Один из очень немногих комментаторов «Ужаса» писал, что это вещь значительная, что из нее многое произросло впоследствии, ибо в ней «высвечиваются идеи, составляющие ядро его главных романов в следующие два десятилетия».{13} Если это понимать так, что герои Набокова, особенно же его перволичные повествователи, сосредоточены на себе, порой до солипсизма, помрачающего зрение и ум, то это наблюдение более справедливо в отношении романов, написанных как раз в десятилетие после сороковых годов, то есть скорее английских сочинений Набокова, нежели русских. Если же здесь имеется в виду описание «глубокого страха, возникающего, когда человек испытывает полное отторжение мира внутреннего видения от мира внешней действительности», то, какой бы смысл ни вкладывался в эту странную дихотомию миров, нетрудно найти в русских книгах Набокова множество прекрасно описанных рецидивов этого раннего приступа ужаса, и нигде, может быть, так ясно и искусно, как в превосходной переходной сцене «Дара», когда герой проходит по ничейной земле, пробуждаясь от сна, в котором его посетил покойный отец.
Сначала нагромождение чего-то над чем-то и бледная дышащая полоса, идущая вверх, были совершенно непонятны, как слова на забытом языке или части разобранной машины, — и от этой безсмысленной путаницы панический трепет пробежал по душе: проснулся в гробу, на луне, в темнице вялого небытия.
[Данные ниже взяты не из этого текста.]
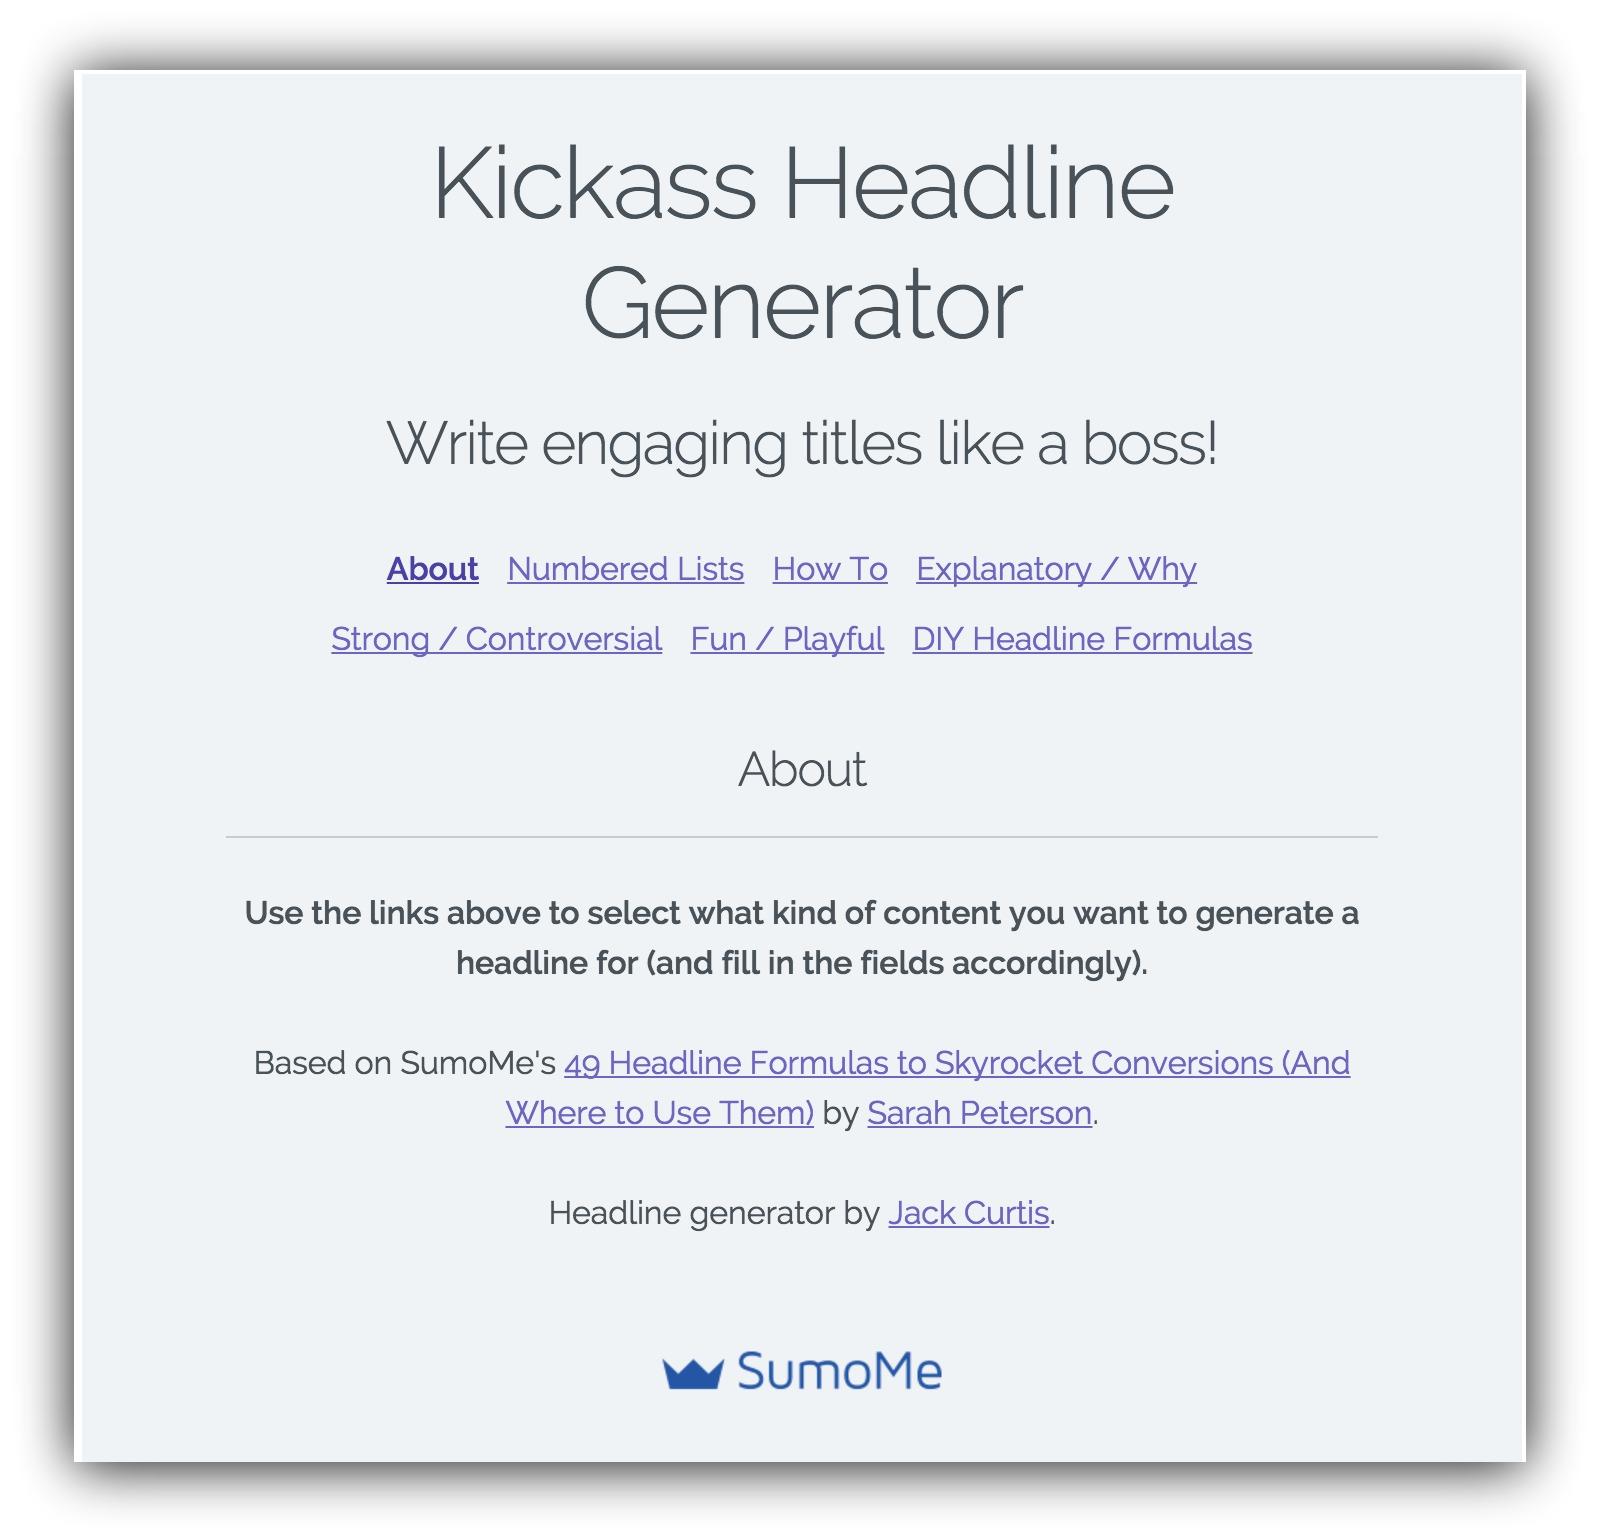 sumome kickass headline generator

Но что-то в мозгу повернулось, мысль осела, поспешила замазать правду, — и он понял, что смотрит на занавеску полураскрытого окна, на стол перед окном: таков договор с разсудком, театр земной привычки, мундир временного естества. Он опустил голову на подушку и попытался нагнать теплое, дивное, все объясняющее, — но уже теперь приснилось что-то безталанно-компилятивное, кое-как сшитое из обрезков дневного житья и подогнанное под него.
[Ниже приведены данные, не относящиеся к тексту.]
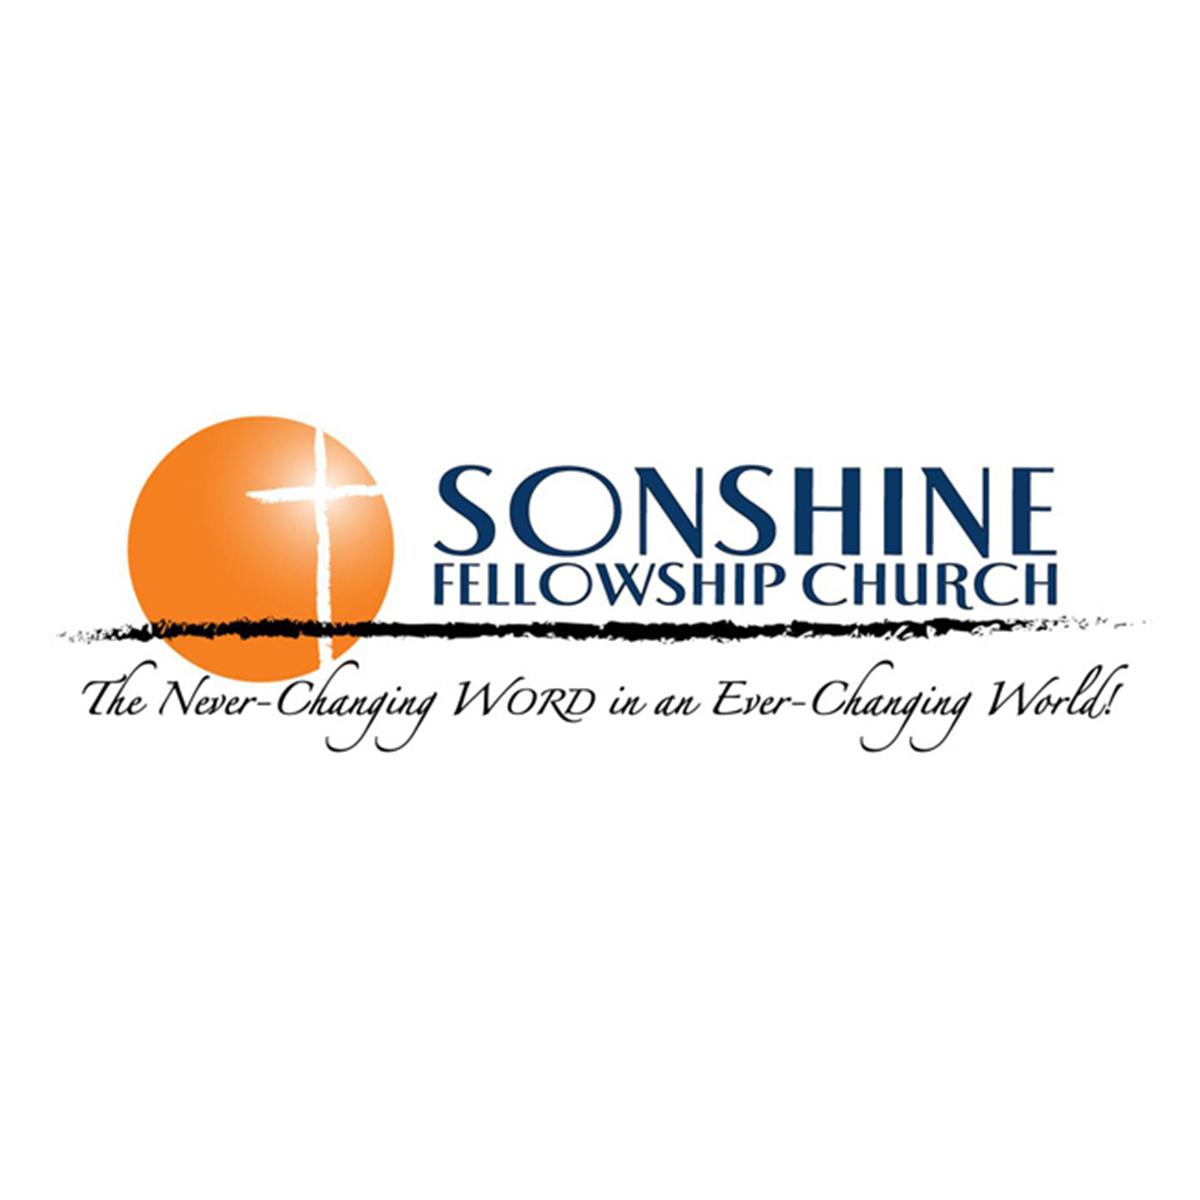 sonshinefellowship.jpg

Набоков как будто так никогда и не разрешил онтологического противоречия, которое поставил перед собой в молодости: скрыта ли сущность вещей от нашего восприятия привычкою разсудка? — так что если от этой привычки отказаться, то жуткий мир, захваченный врасплох, предстает обнаженным, неприкрашенным, разобранным на составные части, безобразным («Ужас»). Или, может быть, эта самая привычка, это «облачение временного существования» есть подлинная суть вселенной, образованная, окутанная и охраняемая прототипической Любовию, исполняющей всё на свете нежностью и «мерцающей радостью» («Благость»).
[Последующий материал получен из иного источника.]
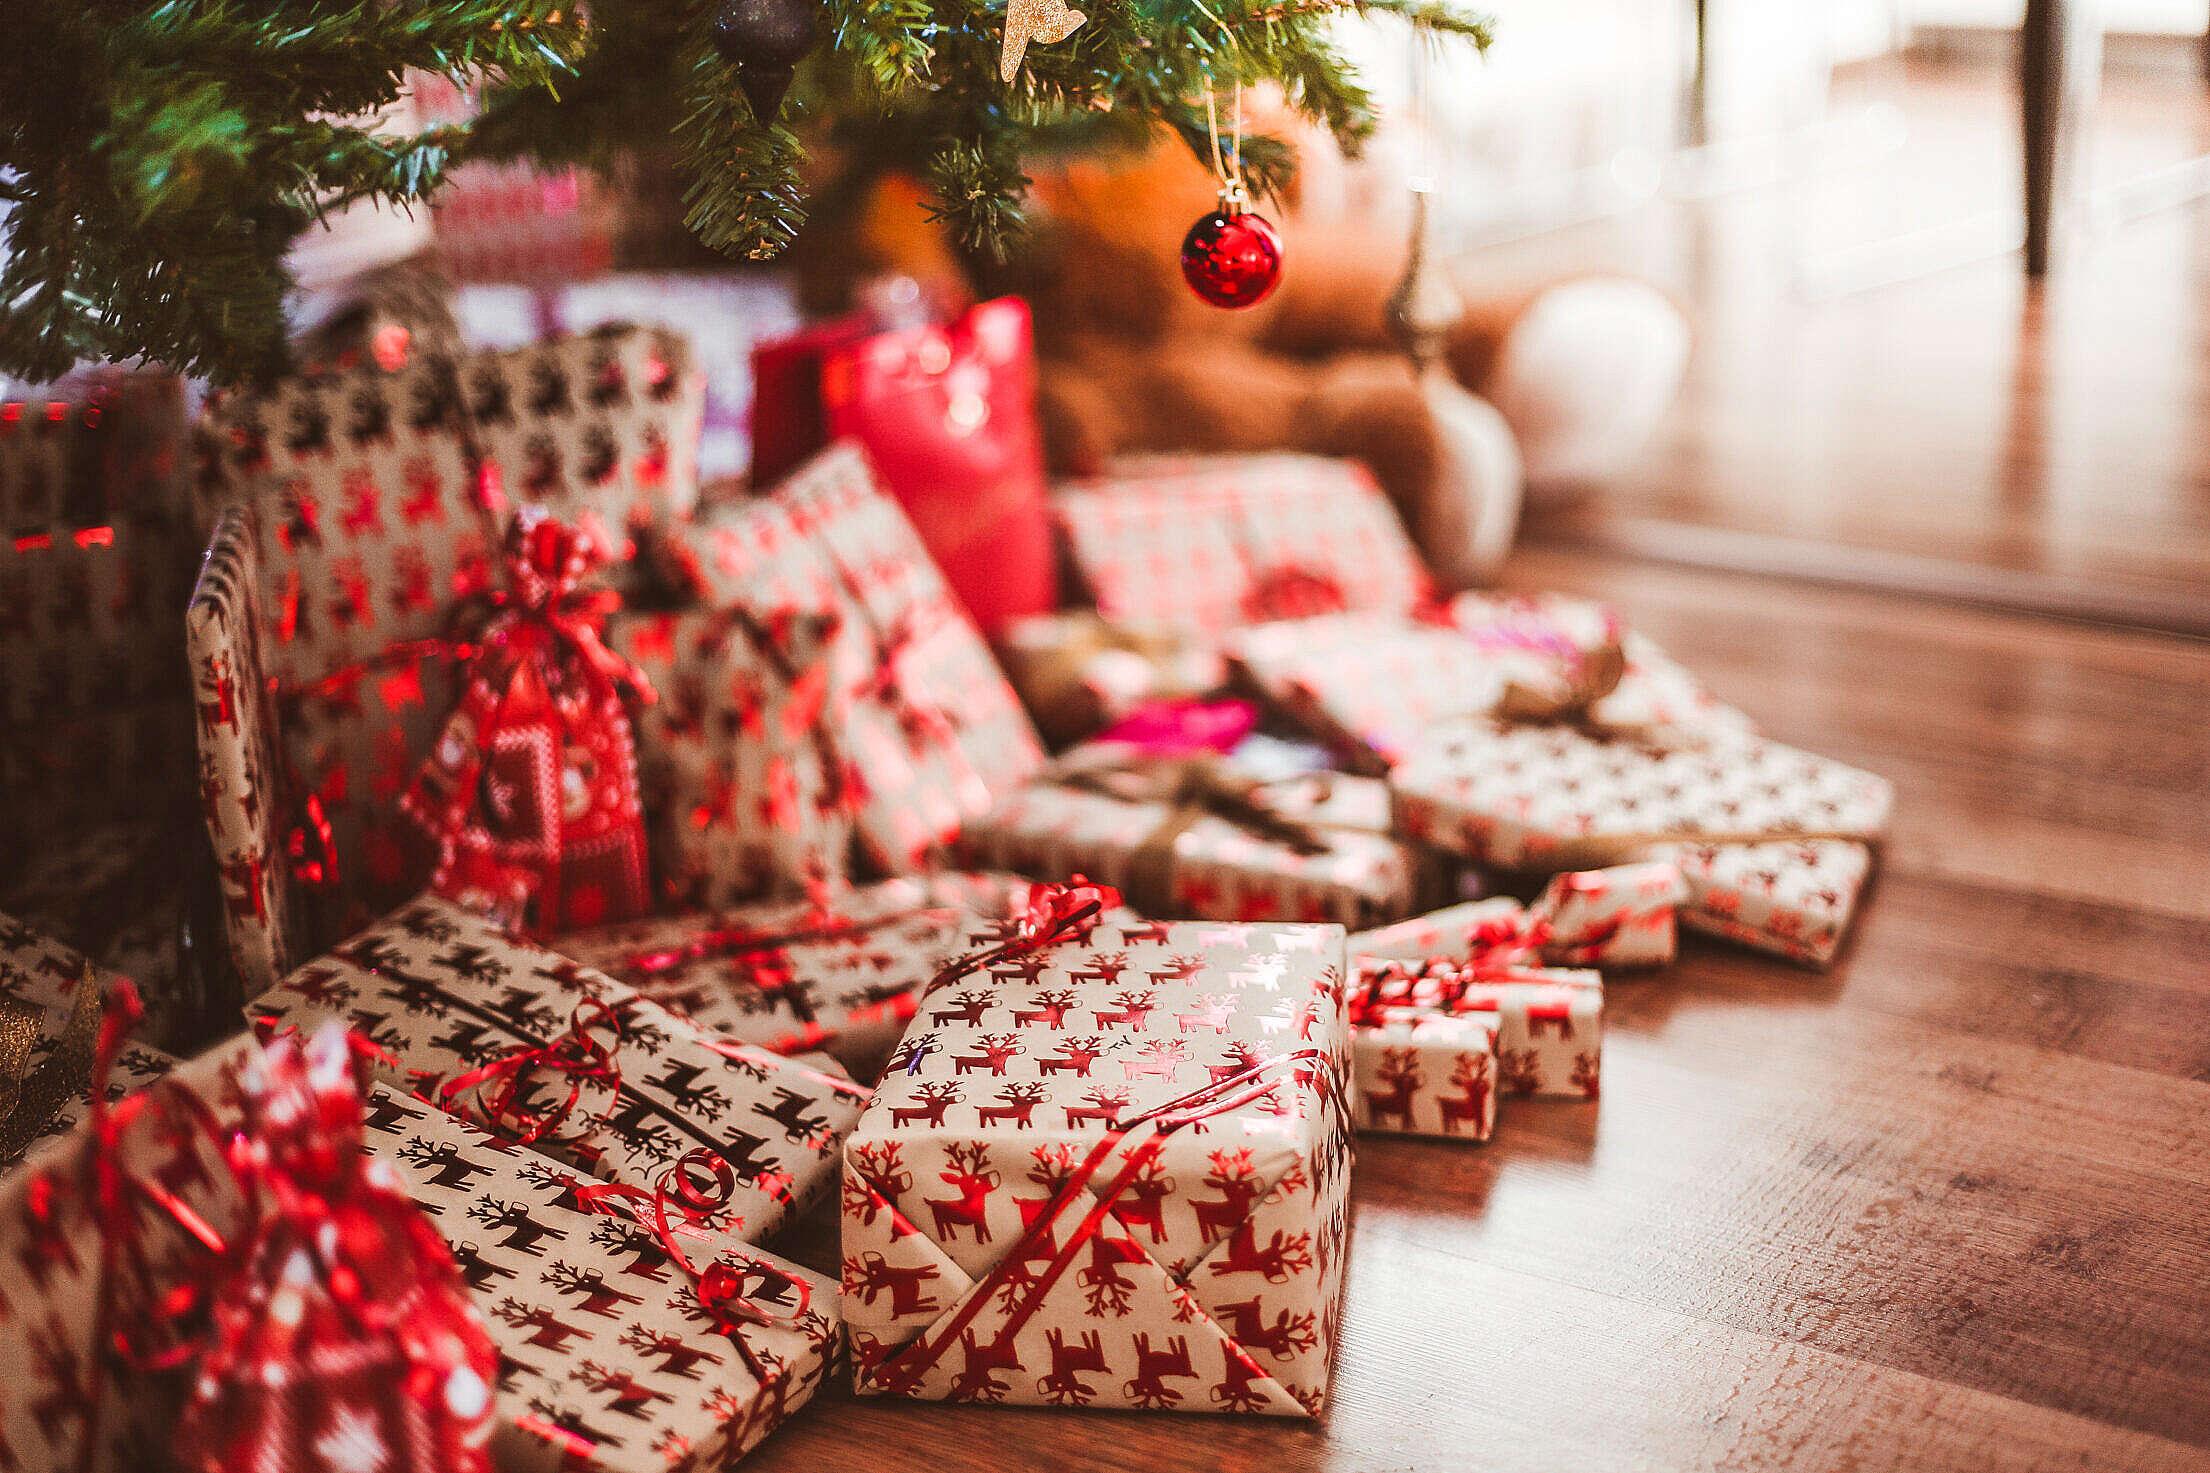 Christmas Presents Under Tree Free Stock Photo

Другими словами, действительно ли ноуменальный мир навсегда и неодолимо отделен от феноменального и может приоткрыться разве что умалишенному, — как думал, например, Кант (и, вероятно, Флобэр{14} и Достоевский)? Или явления сами по себе, своим существованием, своей существительностью, истолковывают Божественную действительность так, как ее видит пасмурным днем платонический скульптор Набокова? Но на какой бы стороне этой дилеммы ни находилось его предпочтение в разные периоды жизни, он — в отличие от Сартра, через десять лет после «Ужаса» описавшего похожий кошмар створаживающего душу отчуждения в своей тошнотворной повести, — не разсматривает тварный мир как огромную гору разрозненных акциденций, никем не любимых и безпорядочных форм, существований, лишенных сущности. Набоков сочиняет ради острого удовольствия поставить опыт, в котором испытуемое мировоззрение резко отличалось бы от его собственного, чтобы мир виделся глазами то нимфомана, то мужеложца, то кровосмесивца, которых объединяет самоисключительность, доводящая до исключения всех прочих людей, до жестокости. Жестокость же есть смертный грех в трагедиях Набокова.
Поэтому ни один серьезный читатель не должен забывать о том, что даже в тех его книгах, где изображенный мир явно изуродован пристрастным или извращенным изложением от первого лица, настоящий автор этого изображения посылает в этот мир лучи тепла и сострадания через агентства своих невидимок, и лучи эти, незримые для действующих лиц, отражаются от поверхности романа и достигают читателя, возседающего над местом действия.